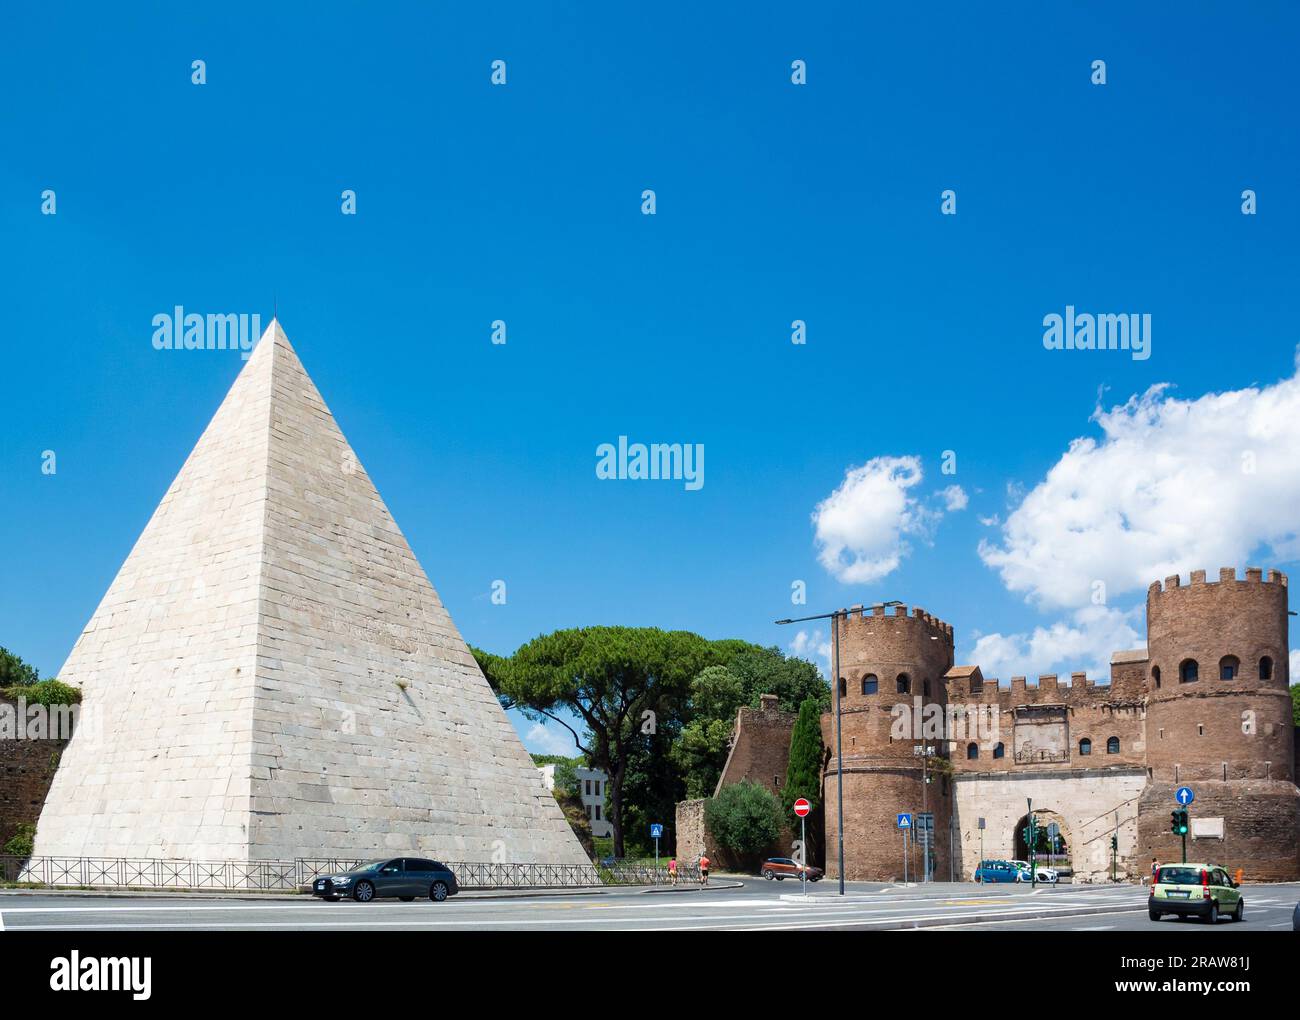 The pyramid of Cestius (in Italian, Piramide di Caio Cestio or Piramide ...
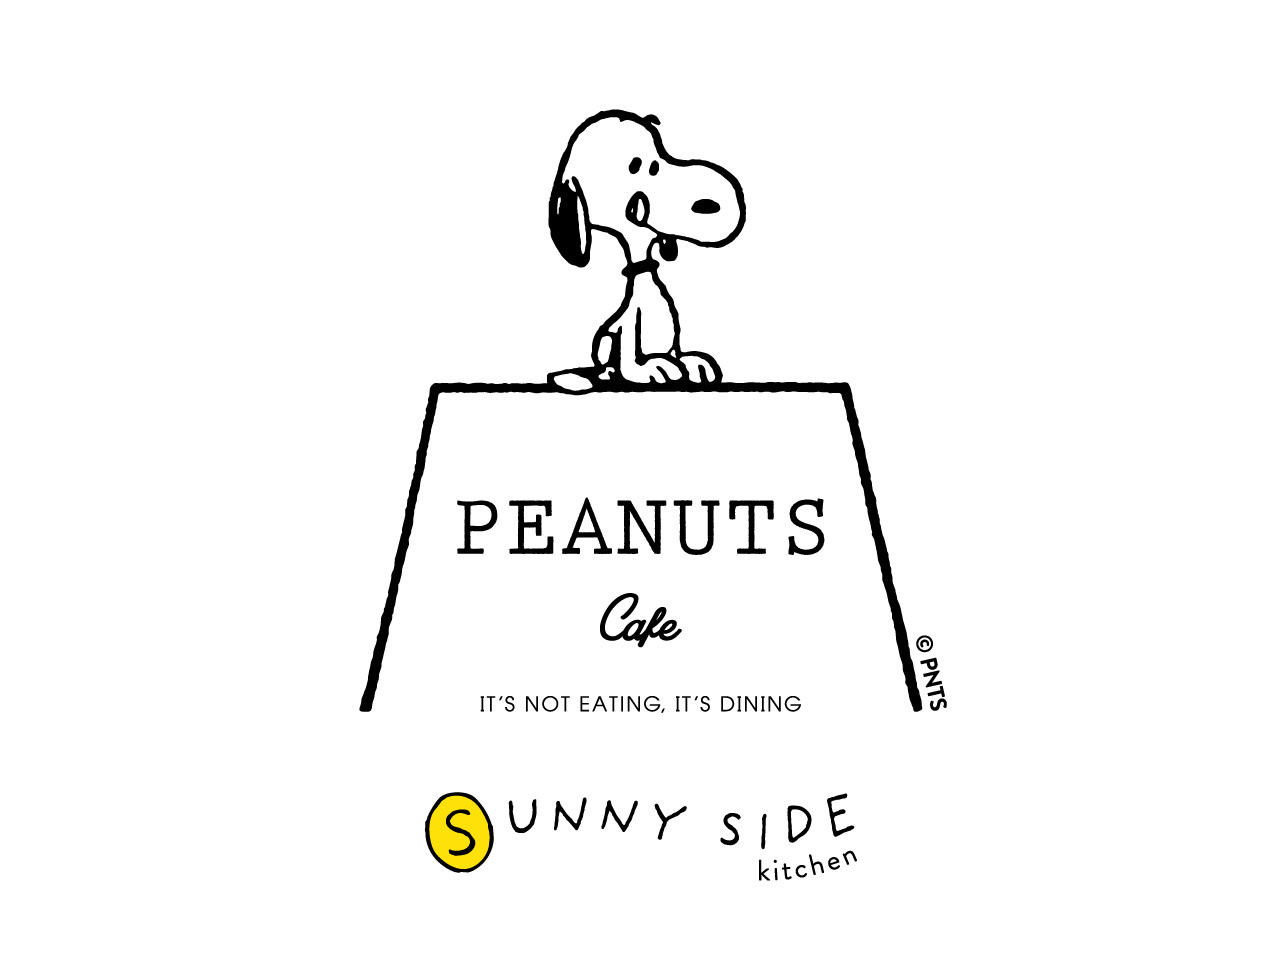 わたしの1日をしあわせにする、すこやかな食の時間を。
ピーナッツ カフェの新業態
「PEANUTS Cafe SUNNY SIDE kitchen」が原宿に
2021年7月末オープン！

----

▶ Your assignment:
Everything from the line containing "SUNNY SIDE kitchen」が原宿に" through the end of the entries above should be retyped exactly, and nothing else.

▶ Reply:
「PEANUTS Cafe SUNNY SIDE kitchen」が原宿に
2021年7月末オープン！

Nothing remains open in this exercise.